Singapore ranked eleventh in Asia Pacific’s best places to invest in a report jointly published by the Urban Land Institute (ULI) and PwC. The city-state also ranked 9th in development.
Japan and Australia remained as the favourite countries for investment and development, with Tokyo, Sydney, Melbourne and Osaka occupying four of the top five spots for promising markets within the Asia Pacific region.
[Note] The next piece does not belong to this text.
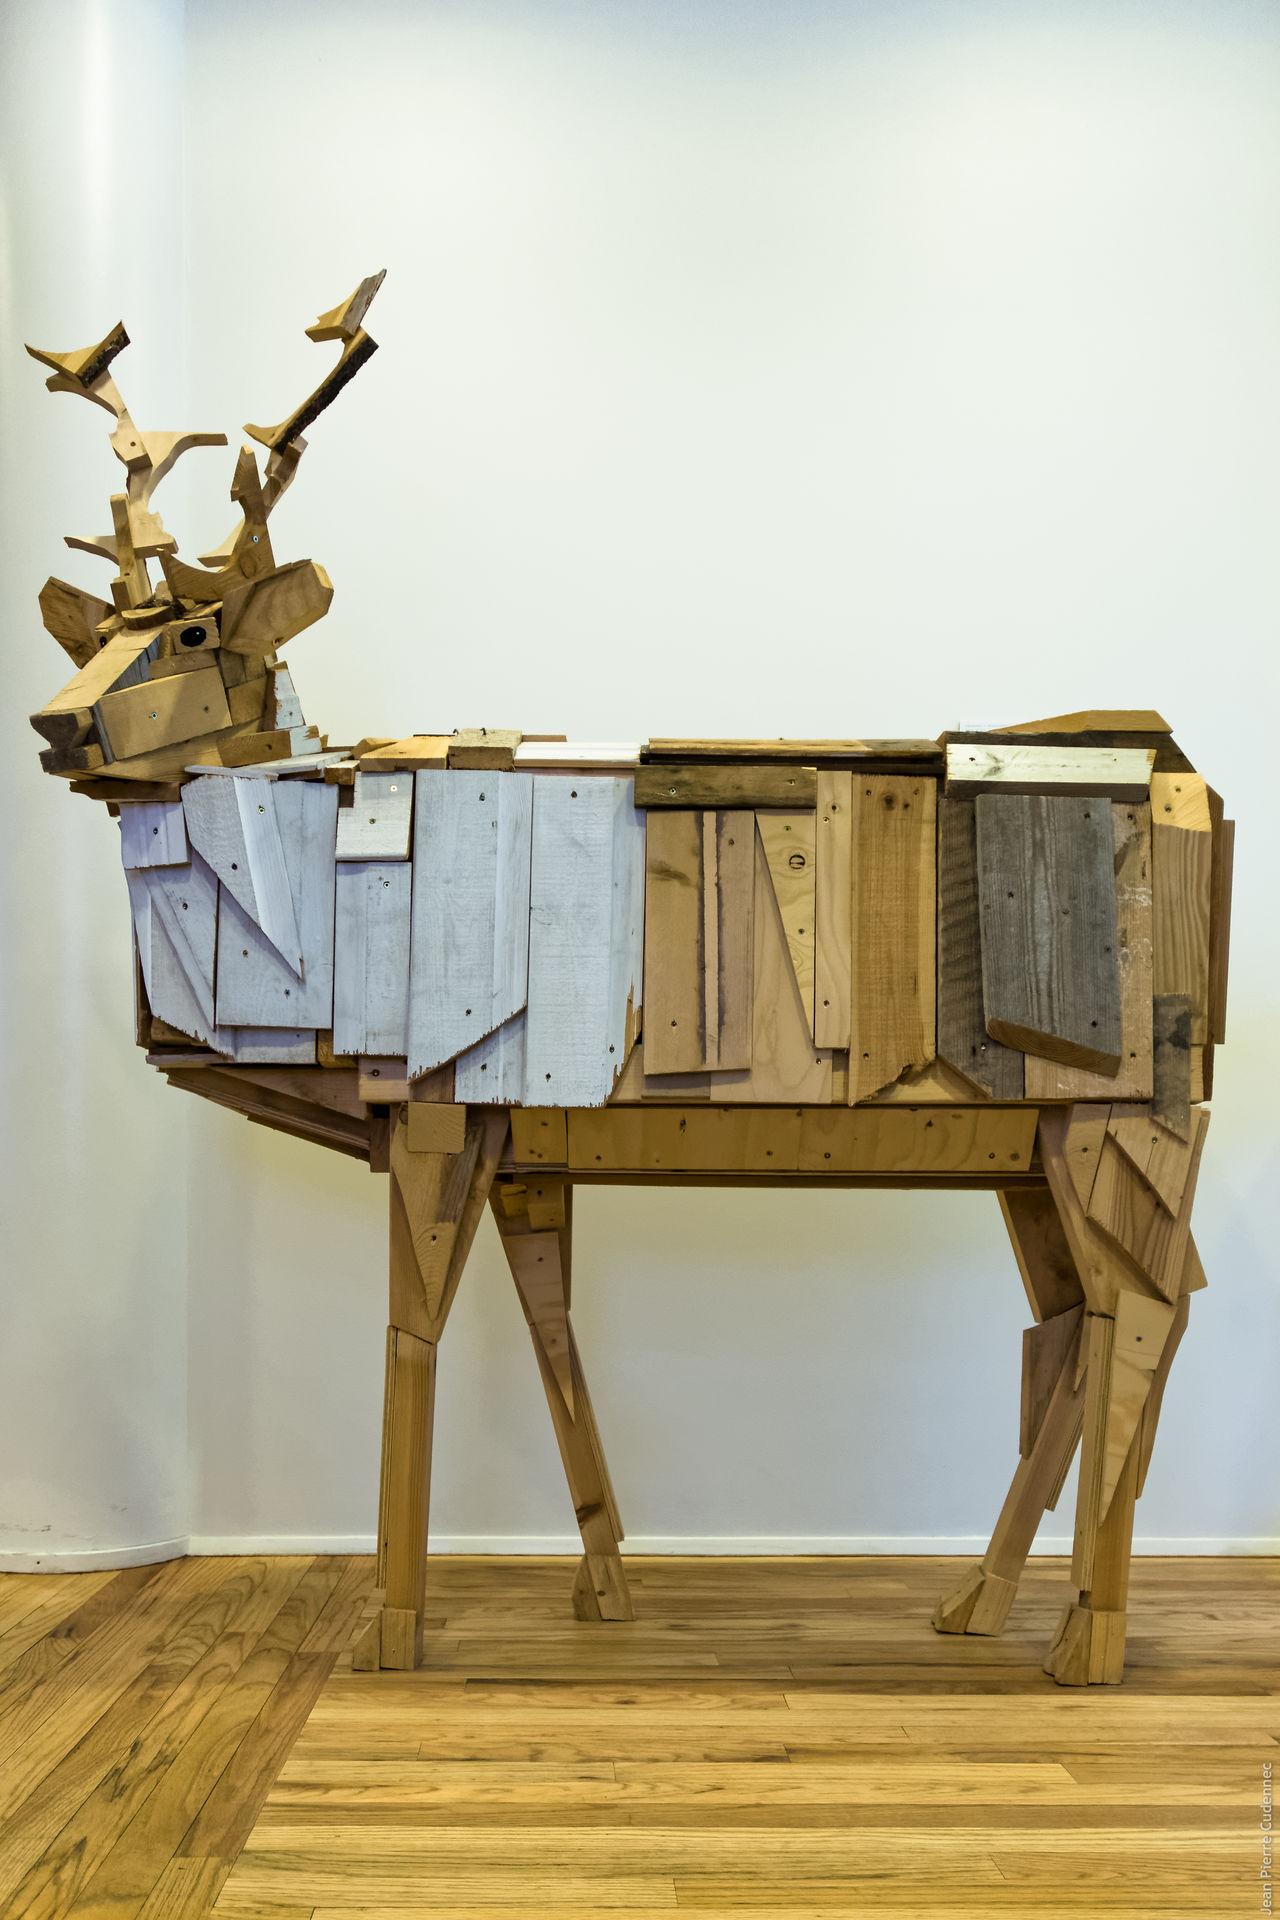 Egilsstaðir, sculpture d'Aðalheiður S. Eysteinsdóttir Art Iceland Iceland_collection Islande Sculpture Wood - Material Wooden Reindeer

Ho Chi Minh City, which took the fifth spot, rounded out the list of most favoured cities.
Providing an outlook on Asia Pacific real estate investment and development trends, Emerging Trends in ReaI Estate Asia Pacific 2016 is based on the opinions of 343 internationally renowned real estate professionals, including investors, developers, property company representatives, lenders, brokers and consultants.
The report attributed Singapore’s rating to the market’s loss of traction in 2015 following a surge in commercial rents during the previous year.
Notably, businesses within the city had problems expanding due to a tight labour market and ongoing restrictions on hiring foreign staff.
But despite the tepid activities, Singapore is “always a market where institutions are looking to buy,” the report said, adding that a number of major property purchases are expected to be completed before the end of 2015.
“Given the current sentiments of Singapore’s property market, we’re seeing local players becoming more involved at a regional and global level as they explore, increase and diversify investments into other major markets such as Japan and Australia,” said Yeow Chao Keong, Real Estate & Hospitality Leader, PwC Singapore.
“There will still be acquisition opportunities in the commercial space over the next 12 months. Singapore will always be an attractive city state to invest in as mirrored in the Building Bauer Cities report, launched at the recent APEC CEO Summit, where Singapore secured the third position among 28 APEC cities for its excellence in culture & social health, connectivity, environmental sustainability and economics.”